Rozdział piąty. Przywództwo tworzące wartość
Pracownicy wiedzy* w świecie na granicy paradygmatów są wewnątrzsterowni i autonomiczni. Dążą do doskonałości, chcą mieć wpływ na to, co robią, chcą się rozwijać – i potrzebują kogoś, kto będzie podążał z nimi, a nie przed nimi. Dotyczy to zwłaszcza tych najlepszych. Jako przykład niech posłuży historia, w której doskonałemu dyrygentowi Riccardowi Mutiemu, który zawsze dążył do doskonałego wykonania muzycznego dzieła, powierzono jedną z najlepszych orkiestr świata (czyli najlepszych pracowników wiedzy), a on próbował nią „zarządzać”. Któregoś dnia pracownicy przynieśli mu list: „Jesteś wspaniałym dyrygentem, ale nie chcemy z tobą pracować”. Gdy zapytał: „Dlaczego?”, usłyszał: „Bo traktujesz nas tak, jakbyśmy byli po prostu instrumentami, zamiast wydobywać z nas to, co mamy. Przecież chcemy tego samego co ty”.
Praca z najlepszymi pracownikami wiedzy jest wyzwaniem, bo zarządzanie w starym, wodzowskim stylu nie przyniesie wartości, kreatywności, zaangażowania i rozwoju. Współczesnego przywódcę charakteryzuje wewnętrzna motywacja, pragmatyczny, ale ambitny cel, poczucie wpływu oraz podmiotowe traktowanie ludzi. Nie tylko ludzie muszą dostosować się do przywódcy, ale też on lub ona do ludzi – to jest nowe podejście we współczesnym przywództwie. Lider komunikuje się z innymi ich językiem, dopasowuje zachowanie do ich zachowań – jeżeli chce wywierać wpływ i dostać od pracowników wiedzy to, co najlepsze. Dawniej to pracownicy chcieli naśladować styl lidera, dzisiaj lider dopasowuje styl pracy do ludzi. To duża zmiana.
Poszukiwany wzorzec przywództwa
Każde z dotychczasowych podejść do przywództwa odsłaniało inny aspekt tego, co nazywamy gotowością do roli lidera, a także inny z czynników sukcesu, czyli sposobów, na jakie lider funkcjonuje w organizacji.

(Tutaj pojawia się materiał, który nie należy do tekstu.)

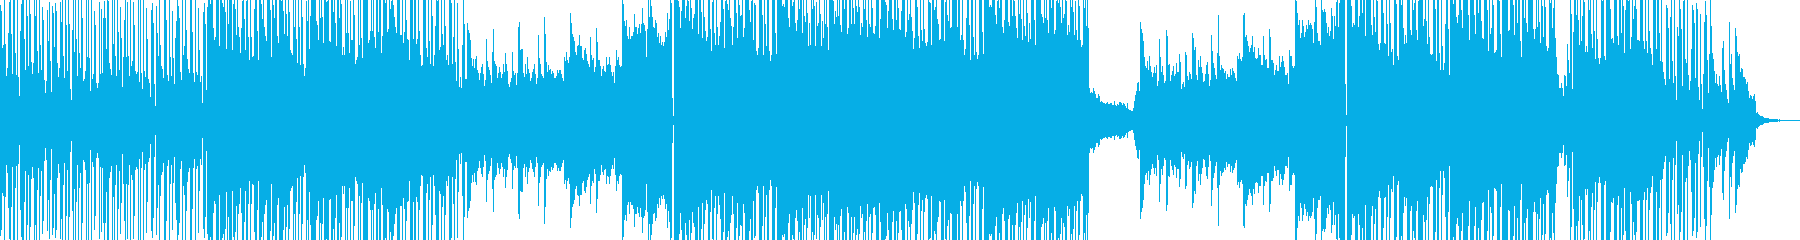 ドラム & ベース ジャングル ポ...の再生済みの波形

Rys. 9. Różnorodność podejść do rozwoju przywództwa
Podejście kwalifikacyjne (cechy lidera) dostarcza nam argumentów, że liderem trzeba się urodzić. Nasze doświadczenia wyniesione z programów rozwojowych dla liderów wykazują, że indywidualne, charakterystyczne cechy danej osoby (mocne strony) mogą być dla niej dobrą bazą do budowania własnego stylu przywództwa, ale nie ma jednoznacznych dowodów na genetyczne pochodzenie przywództwa. Jednak w tym podejściu szuka się i wybiera kandydatów o cechach uważanych za przywódcze (szukanie charyzmy). Pochodną takiego myślenia jest podejście biograficzne, polegające na próbach wyłuskania cech lidera z cech wybitnych jednostek historycznych, by na tej podstawie definiować uniwersalne cechy dobrego lidera.

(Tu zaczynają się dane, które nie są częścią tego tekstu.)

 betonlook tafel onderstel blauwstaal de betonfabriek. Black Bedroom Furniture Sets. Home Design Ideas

Podejście behawioralne (zachowania lidera) dostarcza nam argumentów, że lider to pewna rola do odegrania, pewien zestaw dobrych praktyk, efektywnych i skutecznych zachowań, których opanowanie zapewni skuteczność w tej roli. Na tym gruncie rozwija się cały nurt profilowania ról liderskich w organizacjach, opracowywania programów rekrutacyjnych, AC/DC (Assessment/Development Center) i programów rozwoju talentów menedżerskich. Takie podejście wydaje się pragmatyczne, ale jego słabą stroną może stać się to, co jest jednocześnie stroną mocną. Opieramy się tu na „jednym słusznym” modelu, do którego próbujemy dopasować wszystkich ludzi (pojęcie luki kompetencyjnej).
Nadbudowę do tego podejścia tworzy podejście sytuacyjne (uwarunkowania zewnętrzne i wewnętrzne), oparte na założeniu, że to nie sama osoba lidera warunkuje powodzenie, a raczej umiejętność odczytania danej sytuacji i odpowiedniego dopasowania do niej własnego zachowania. Pewną odmianą tego podejścia jest dopasowanie do danej sytuacji oparte na koncepcji inteligencji emocjonalnej.

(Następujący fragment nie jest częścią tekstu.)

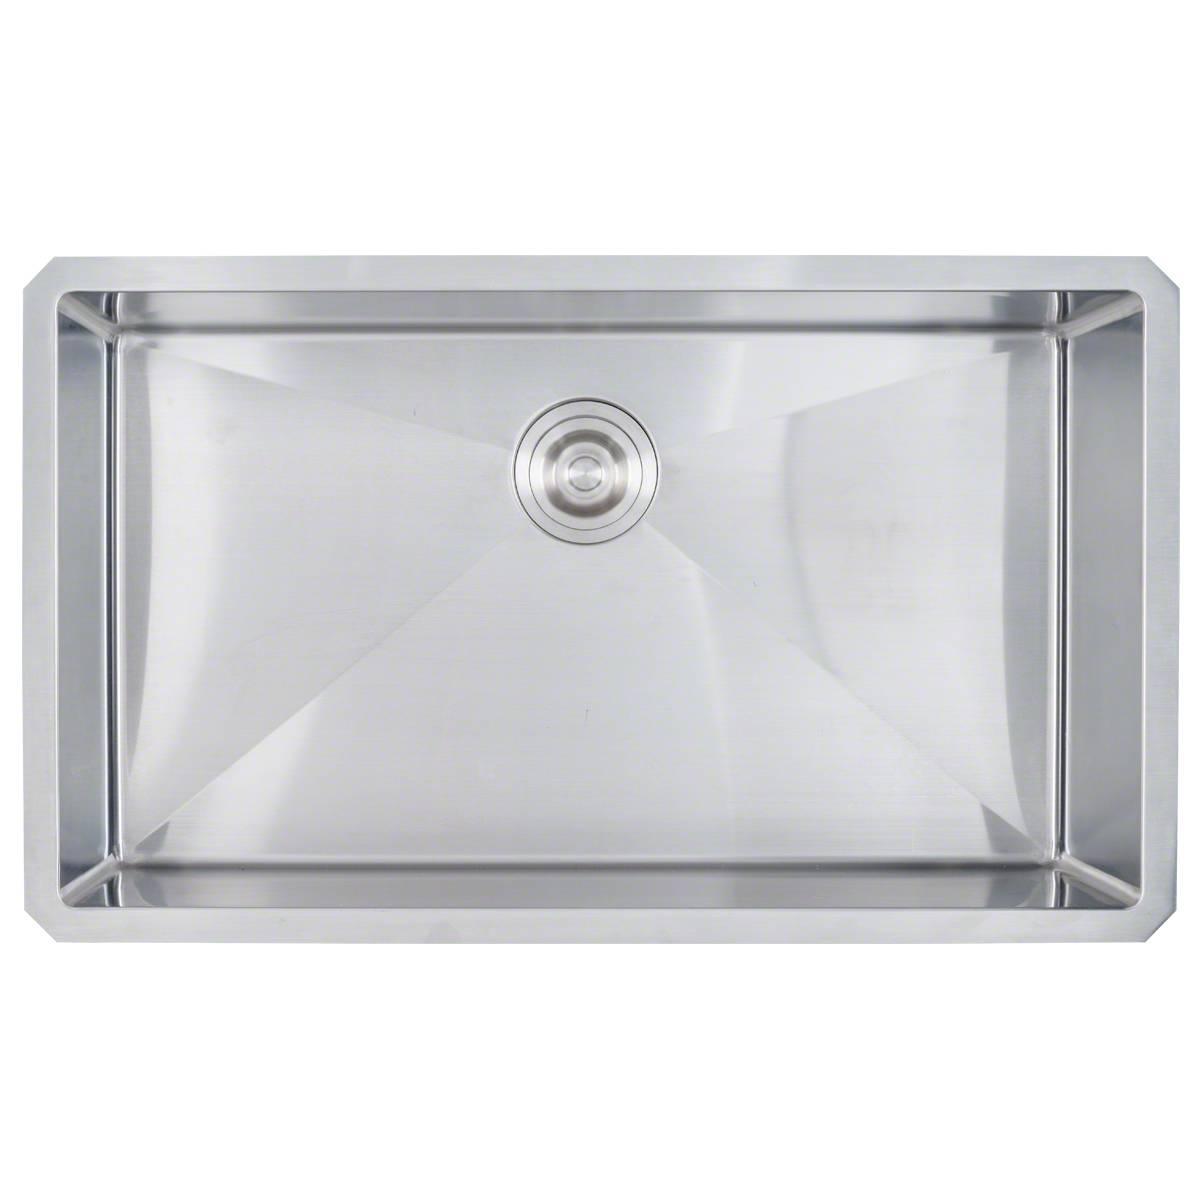 Sinks -ss-16-gau-handcrafted-single-bowl-3219-SIN-16-SINBWL-WEL-3219

Kolejne podejścia w większym stopniu skupiają uwagę na charakterze relacji lidera z otoczeniem (tzw. followers). Podejście transakcyjne (konflikt i kompromis, władza i wpływ) sytuuje lidera na pozycji dowódcy, nadaje mu atrybuty właściciela, gracza negocjacyjnego i nabywcy zasobów (kupowanie motywacji). To podejście wciąż jest bardzo popularne w wielu organizacjach, co powoduje, że kariery kierownicze zarezerwowane są tylko dla pewnej grupy osób umiejących sprawnie poruszać się w świecie wymiany (transakcji) i w świecie kompromisów (konflikty).
Temu ostatniemu podejściu przeciwstawiane jest podejście transformacyjne (inspiracja, wartości, motywowanie, rozwój), którego głównym przesłaniem jest angażowanie ludzi do robienia czegoś ważnego (wspólna wizja i cel), opierającego się na wspólnych wartościach i aspiracjach. Podejście transformacyjne czerpie trochę z archetypu bohatera, który sprzedaje innym wizję przyszłości i staje na czele ekspedycji mającej tę przyszłość wywalczyć.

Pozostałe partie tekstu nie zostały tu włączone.